= Western Odisha Development Council–sponsored medical colleges =

The Western Odisha Development Council sponsors upcoming medical colleges (also called WODC Medical Colleges) in Balangir, Kalahandi and Sundergarh district of Western Odisha. These medical colleges are partly sponsored by the Western Odisha Development Council in India.
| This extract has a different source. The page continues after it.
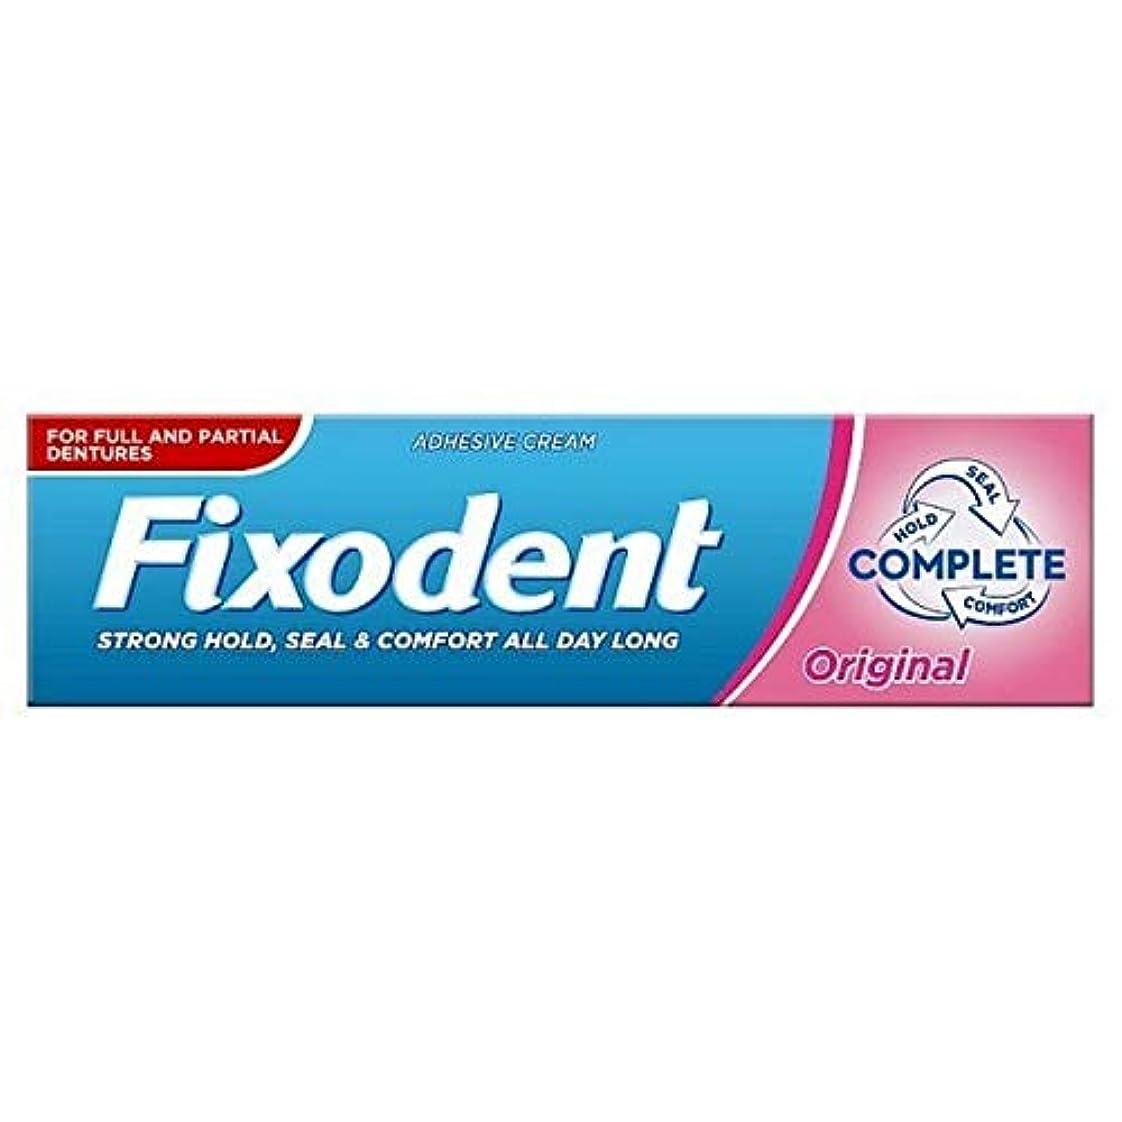 クレーター捧げる船員[Fixodent] Fixodent元義歯接着剤47グラム - Fixodent Original Denture Adhesive 47g [並行輸入品]

==Sardar Rajas Medical College, Hospital & Research Centre (Bhawanipatna)==
For a medical college at Bhawanipatna, an MoU was signed among Selvam Educational and Charitable Trust, Tamil Nadu, and Western Odisha Development Council (WODC). After a long public agitation the construction work for the project was started. For the Rs 100- crore project, it was agreed that WODC would chip in with Rs 10 crore in eight installments on the basis of progress of work and State Government would provide 25 acres of land on lease. Later in 2013 the admission was started for this medical college after obtaining permission from MCI. Students found various deficiencies in the college hampering their education and clinical learning. The hospital was never functional but doctors for lease were hired to be shown in MCI inspection and patients from nearby villages were gathered to show them as crowd visiting, making it a good show for taking clean chit from MCI. This was also brought into the notice of CBI and there was a trail for this. The students were 124 in number, started protesting which later on attracted the attention of local public of the district and the college was declared closed by the state government as there was a case pending at High Court of Odisha filed by the students earlier and the litigation between everyone went to the Supreme Court of India eventually. The agitation was led by M Sameer Krishna Reddy and supported by Subhalaxmi Dash, Neushree Pani, Praveen Kumar Sahu, Liwa Pattnaik, Ajit Ku. Dash, Sarada Prasad Swain and Ankita Swain. Local leaders were Shri A. K. Nanda, Shri Pradipta Kumar Naik, Shri Bhakta Charan Dash, Shri Himanshu Meher, Shri Chinmaya Behera, Shri Samanta Khamari, Shri Badri Pattnaik various other leaders of the district were participating for the same in full dedication. Various means of protest and lawful steps were taken with the support of parents and local leaders. Finally the students were settled at various colleges in the state by the direction of Hon'ble Supreme Court of India and the local people got a new medical college sanctioned by the state government forcibly.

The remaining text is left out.